Hello, I have a big collection of meme images and I want to make them searchable by visual/semantic content and by text.

So far I've figured out that I can use e.g. tesseract or easyocr to detect text in the image, and I can use exiftool to write custom XMP tags with the output of each command (e.g. exiftool -overwrite_original -xmp-Generated:EasyOCR="${OCR_OUTPUT}" "$@" after establishing the tag format in exiftool.config). Since different tools produce better results on different types of images and I don't want to do anything by hand if I can help it, I'm adding a new custom tag for the output of each tool. I am hoping to do the same with captioning tools that can describe the visual content of the image as well.

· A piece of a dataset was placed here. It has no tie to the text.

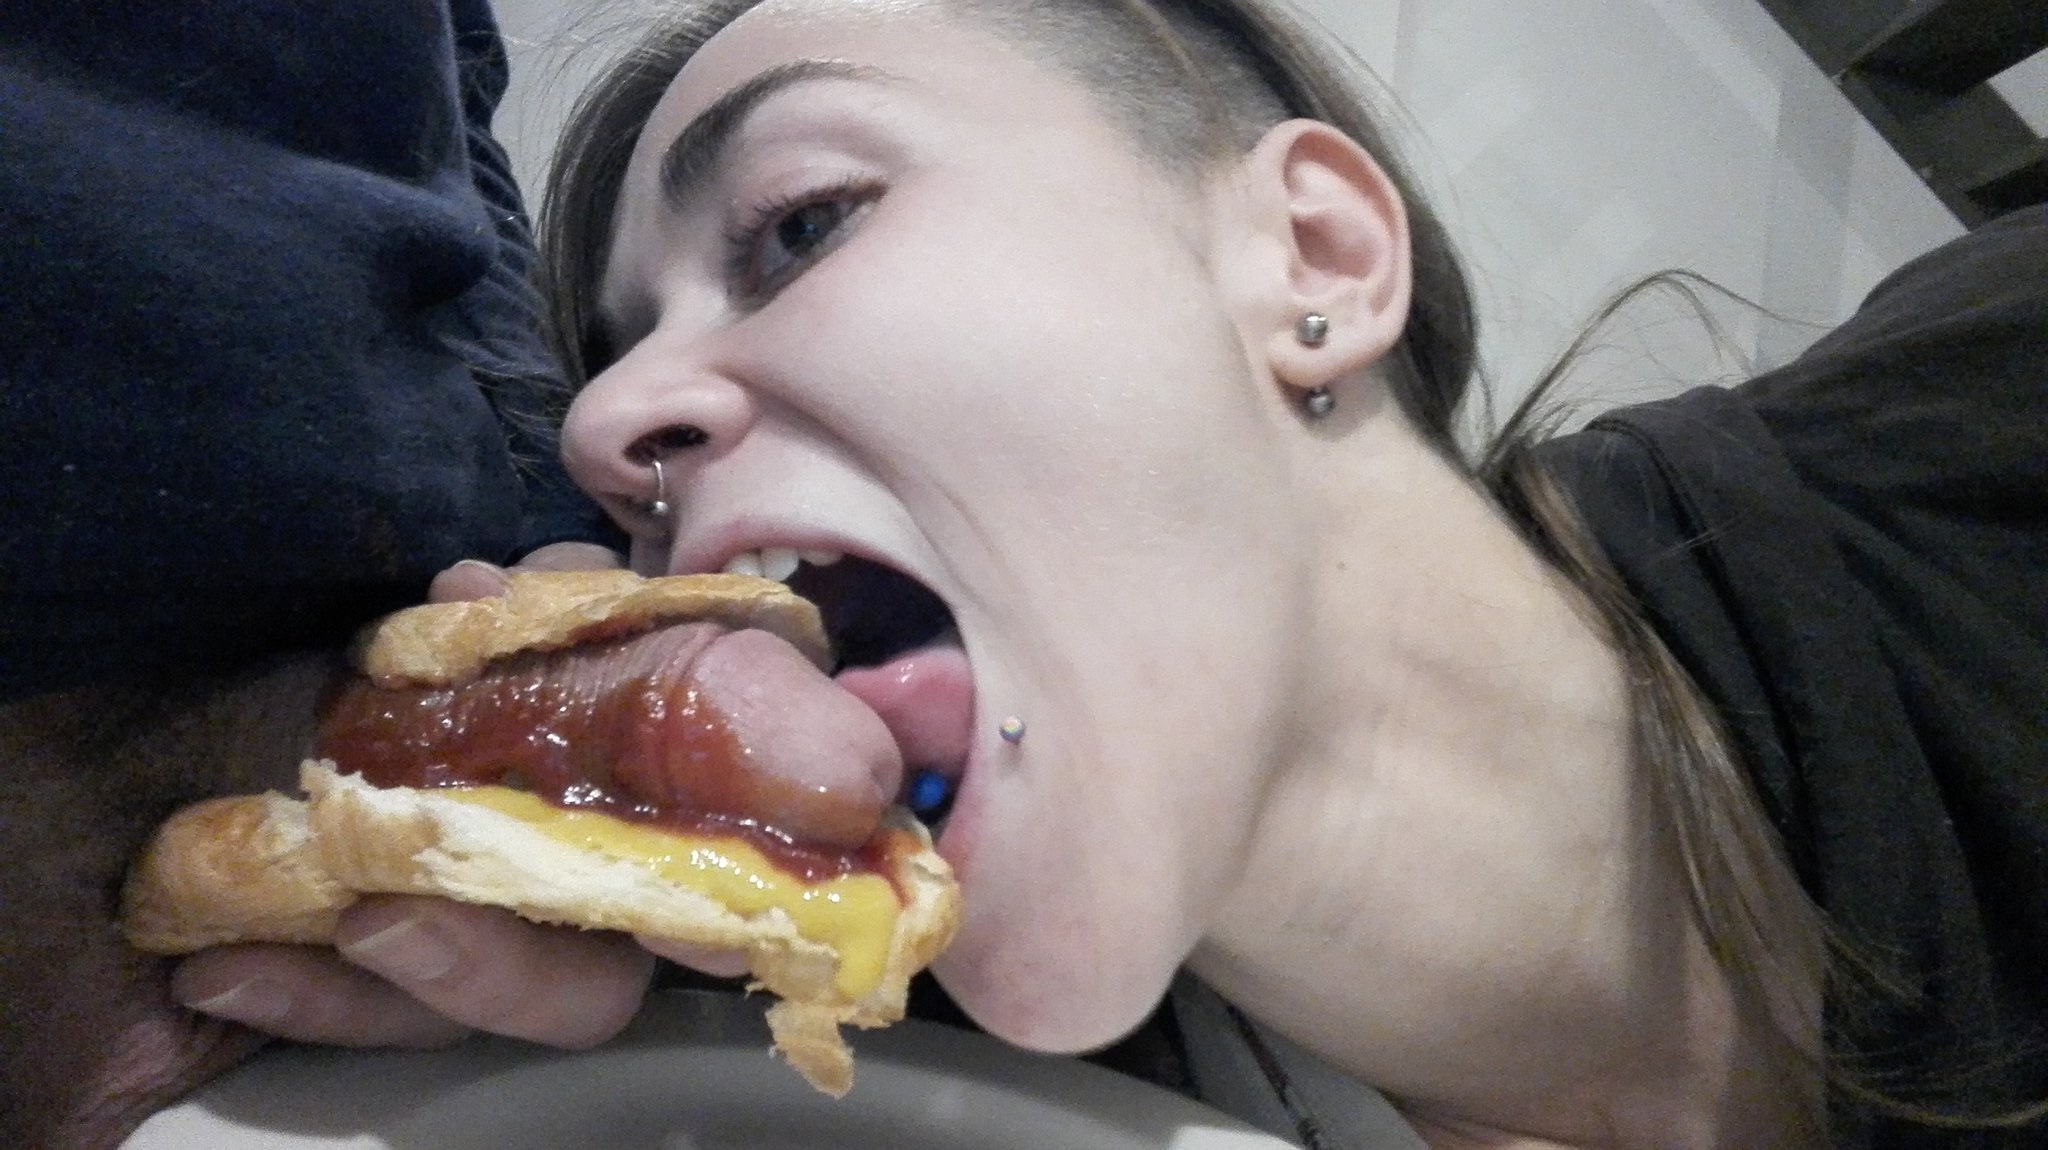 Enjoying Her Hotdog

However, there aren't actually a lot of tools that search XMP metadata. exiftool can do it quite well but only in command line, so I don't produce a comfy Gwenview window that I can browse e.g. images that contain the word 'dog'. I was kind of hoping that Baloo would index the metadata so I could search it in Dolphin, but it only supports a pre-defined set of file metadata for each file type. I could try to shove a JSON blob into the Comment field but that seems fragile and fiddly.

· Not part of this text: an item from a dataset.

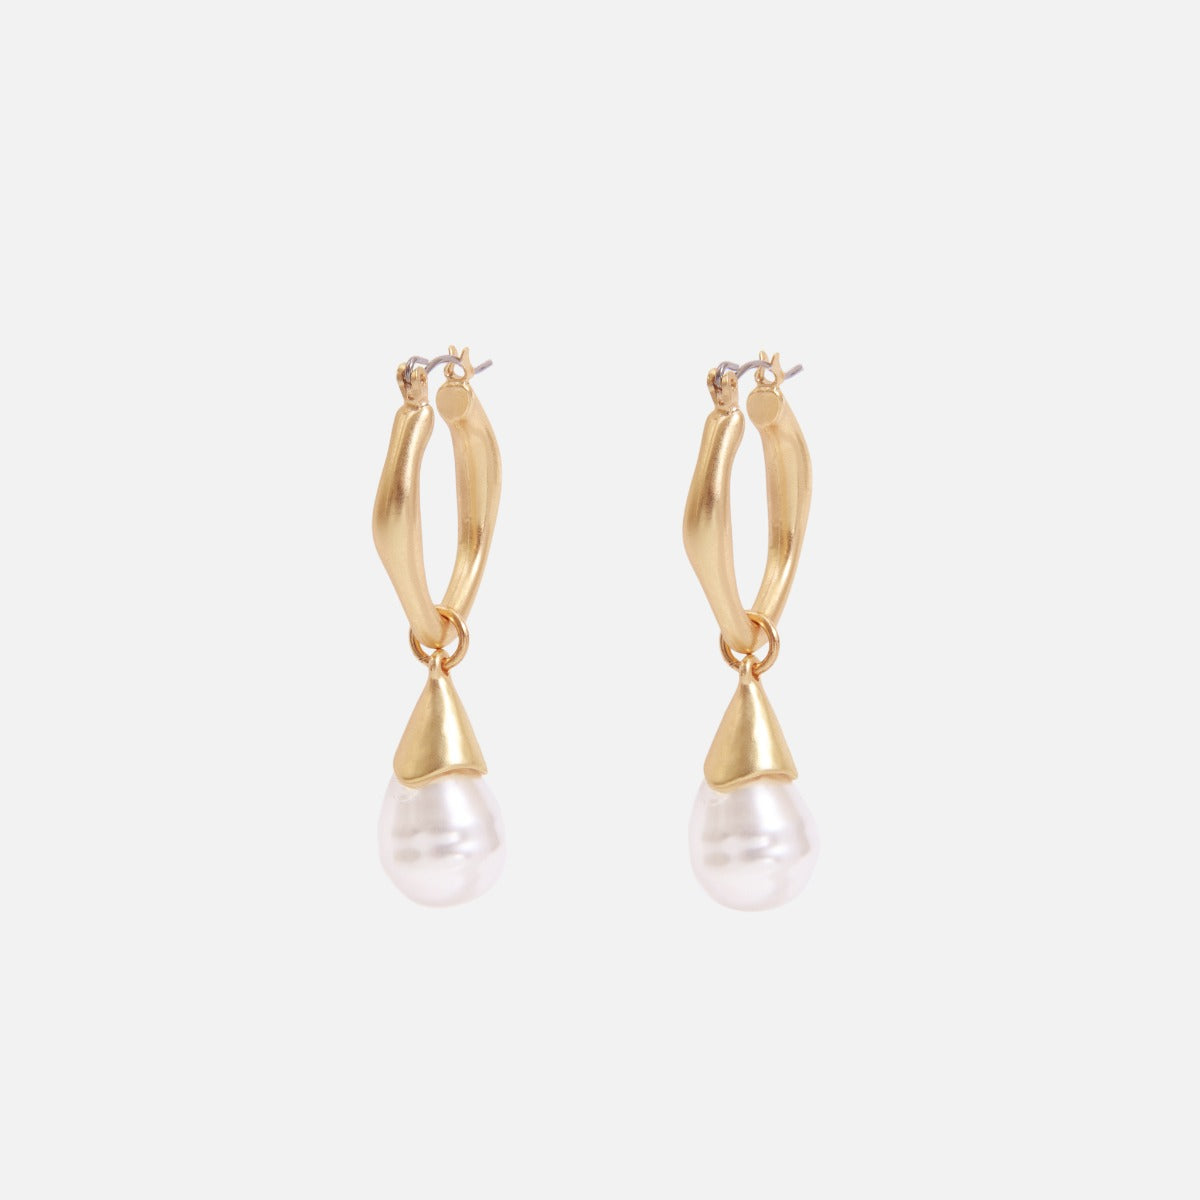 Boucles d’oreilles anneaux dorés avec perle en forme de goutte

Maybe the best would be if there were an image viewer that could search/filter by arbitrary metadata. So far all the ones I've tried have the same problem as Dolphin: they use a hard-coded schema to define search parameters and don't search custom XMP metadata.
Second-best would be a viewer that can take output from exiftool I guess,

If all else fails I'm going to have to build something from scratch.

Am I insane for even trying to do this? Is there a saner solution I'm overlooking?

$ exiftool -if '$xmp-Generated:EasyOCR =~ /dog/' -xmp-Generated:EasyOCR .
======== ./unknown - 2022-11-19T164412.544.png
Easy OCR                        : Hedgedog
======== ./unknown - 2022-09-24T142531.756.png
Easy OCR                        : My dog's love for me.All of my failures.My dog' ' S love for me.My dog's Ilove for me
======== ./unknown (45).png
Easy OCR                        : Get out 0f my workshop.need YOU to.invent some farm tools can use while holding all these dogs.02022 KATIE TIEDRICH.WWW.AWKWARDZOMBIE COM
[...]

Oh, in case this comes up, I'm also trying to avoid using a sidecar file for each image as these are harder to keep in sync.

Last edited by AinmhiCoille (2024-04-24 03:26:30)

seth · 2024-04-24 06:56:14

picture browsers like eg. feh can take a random list of arguments, geequie will open them as collection and the latter also has an elaborate search function which can filter for "keywords" which I just boldly assume are xmp.

As a last resort you could create your own collection by creating a tmpdir in /tmp and symlinking the results of the exiftool search there and then browse that directory with whatever.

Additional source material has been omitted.